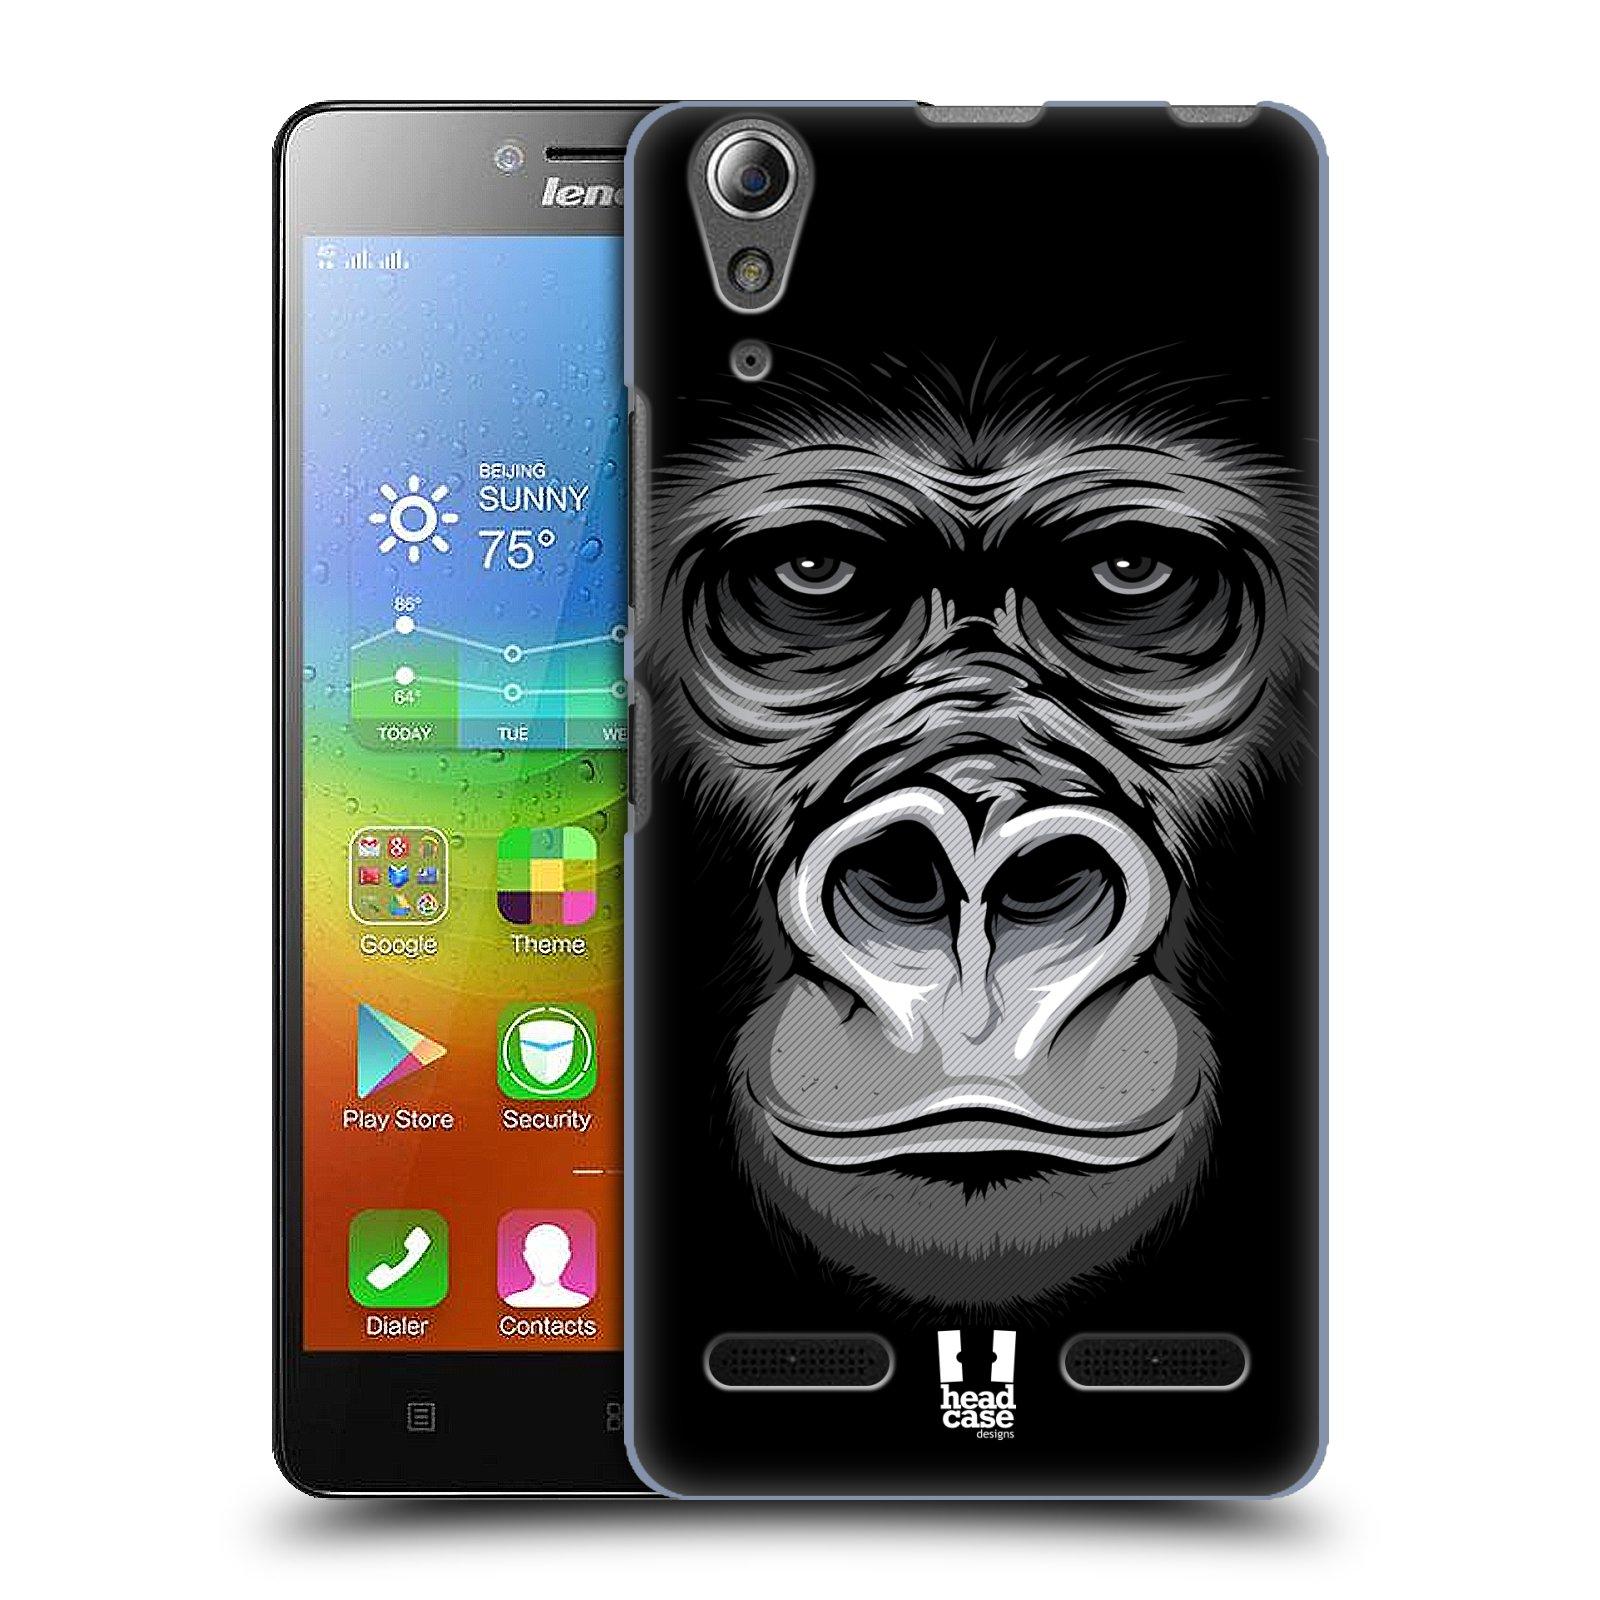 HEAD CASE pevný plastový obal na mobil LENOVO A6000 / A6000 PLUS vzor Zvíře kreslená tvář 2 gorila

════════════════

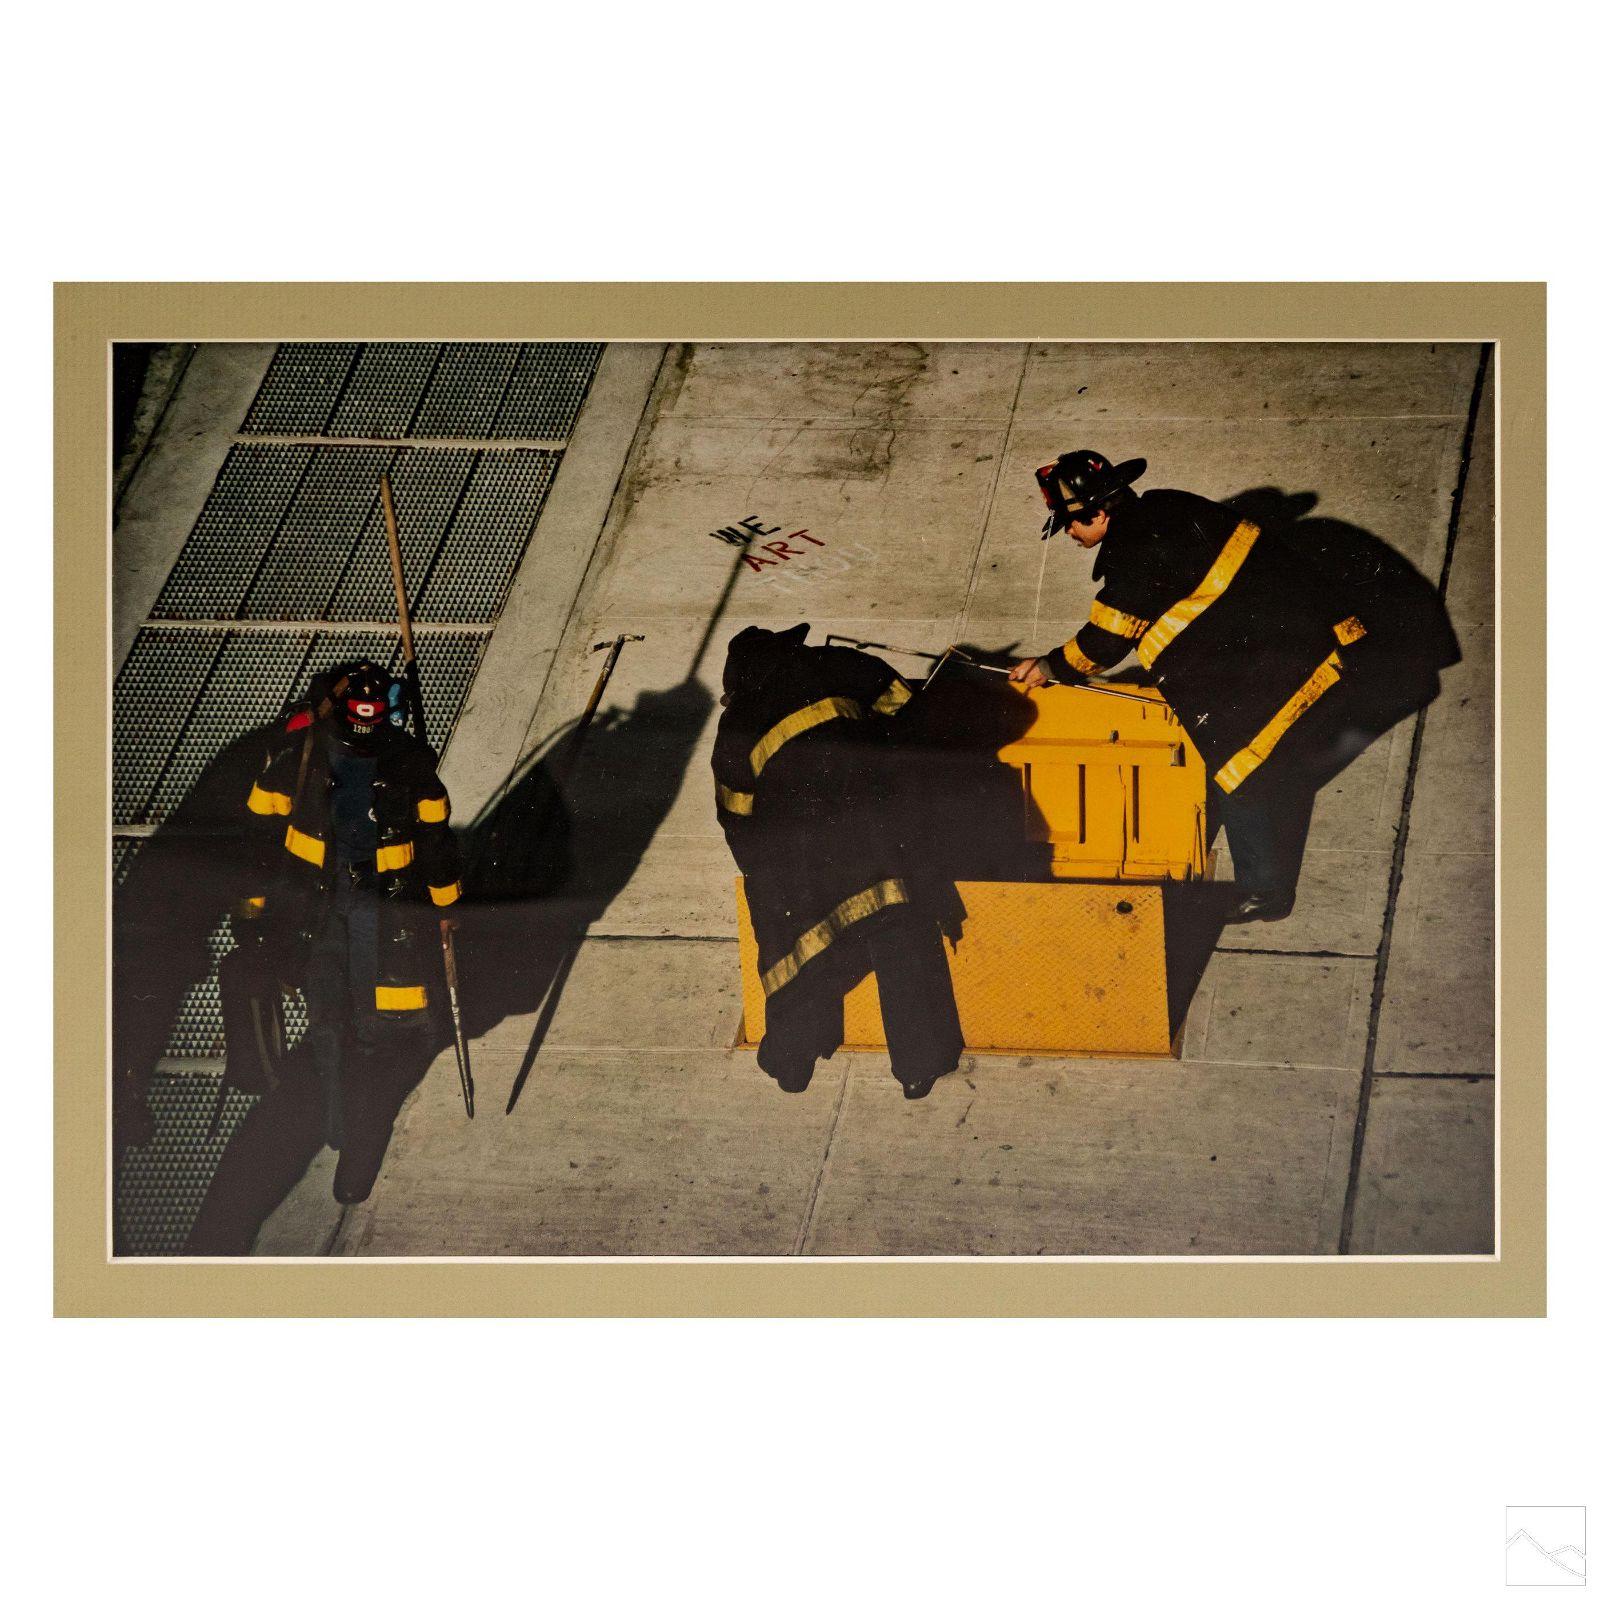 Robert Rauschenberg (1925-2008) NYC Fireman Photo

════════════════

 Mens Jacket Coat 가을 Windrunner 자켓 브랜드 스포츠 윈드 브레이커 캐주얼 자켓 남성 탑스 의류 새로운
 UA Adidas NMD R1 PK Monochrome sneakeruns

════════════════

What you are asked to do:
Everything above from the line containing "Mens Jacket Coat" down to the line containing "UA Adidas NMD R1 PK Monochrome sneakeruns" should be copied exactly, both end lines included, and nothing else.

Solution to this problem:
 Mens Jacket Coat 가을 Windrunner 자켓 브랜드 스포츠 윈드 브레이커 캐주얼 자켓 남성 탑스 의류 새로운
 UA Adidas NMD R1 PK Monochrome sneakeruns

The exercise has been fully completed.